» YOUR INSTRUCTIONS
This exercise calls for the line with "Islam in North-Western", the line with "Aly Mondragon (R), goalkeeper", and all lines between them in the material below, output exactly and with no other lines.

» DATA EXTRACTS
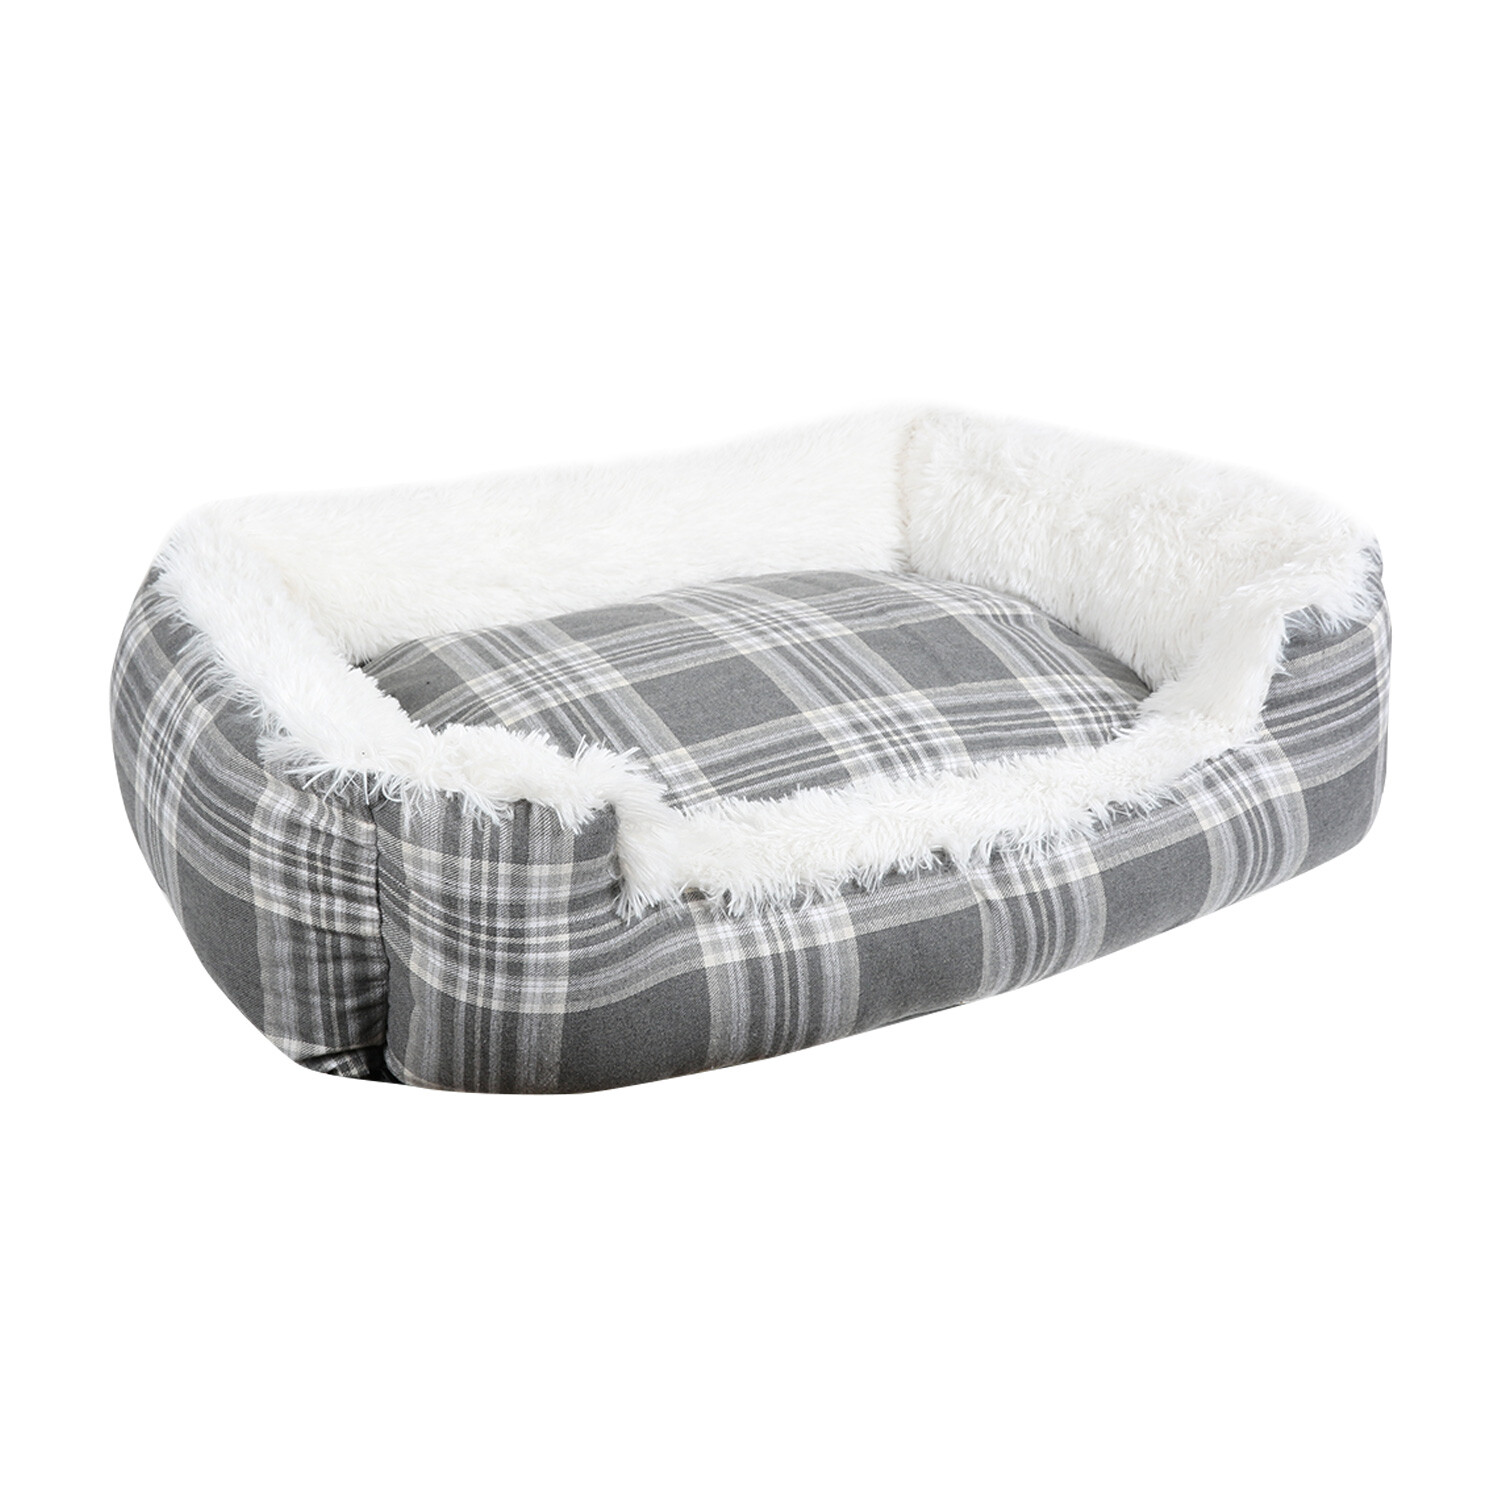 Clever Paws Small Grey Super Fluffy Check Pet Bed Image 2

* * *

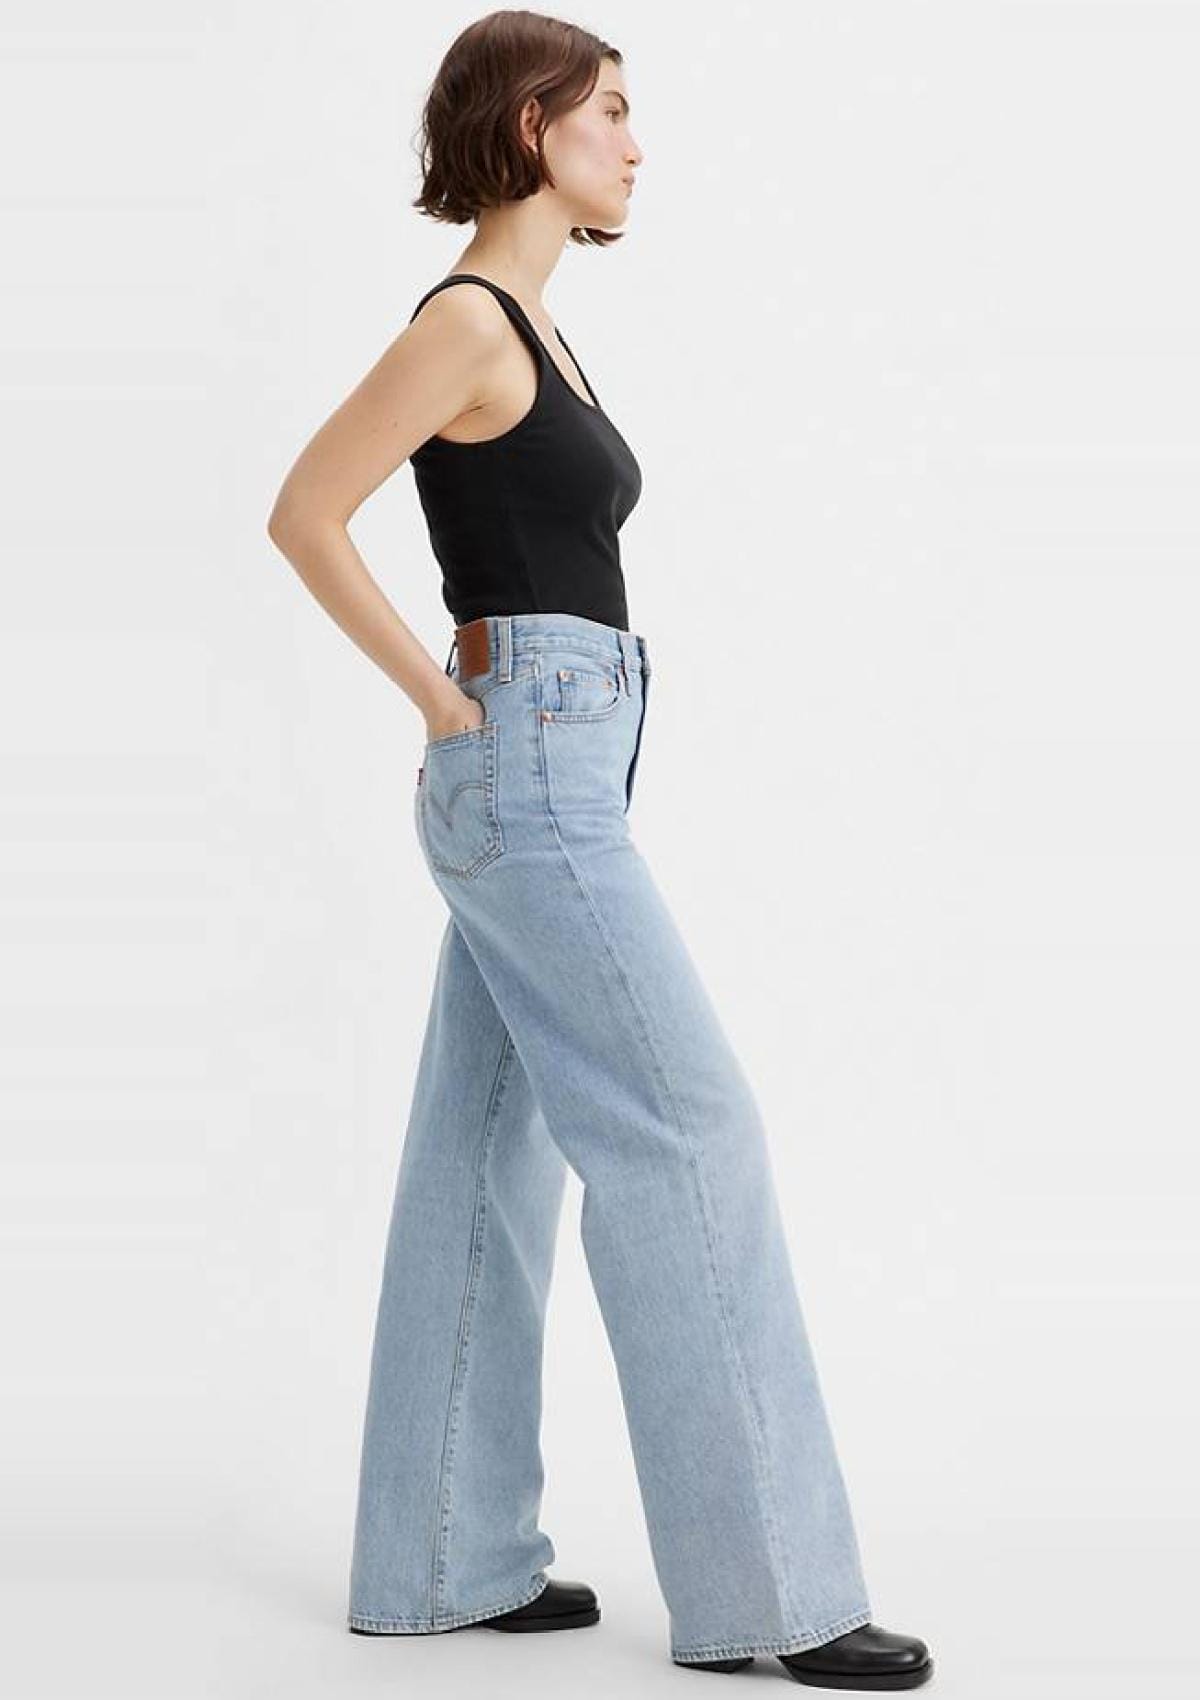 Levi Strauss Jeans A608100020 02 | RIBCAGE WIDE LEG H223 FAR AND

...

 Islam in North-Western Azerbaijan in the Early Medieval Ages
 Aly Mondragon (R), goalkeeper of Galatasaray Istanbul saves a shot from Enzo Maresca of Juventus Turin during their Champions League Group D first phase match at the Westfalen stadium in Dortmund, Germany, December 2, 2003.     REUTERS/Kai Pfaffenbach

» TASK OUTPUT
 Islam in North-Western Azerbaijan in the Early Medieval Ages
 Aly Mondragon (R), goalkeeper of Galatasaray Istanbul saves a shot from Enzo Maresca of Juventus Turin during their Champions League Group D first phase match at the Westfalen stadium in Dortmund, Germany, December 2, 2003.     REUTERS/Kai Pfaffenbach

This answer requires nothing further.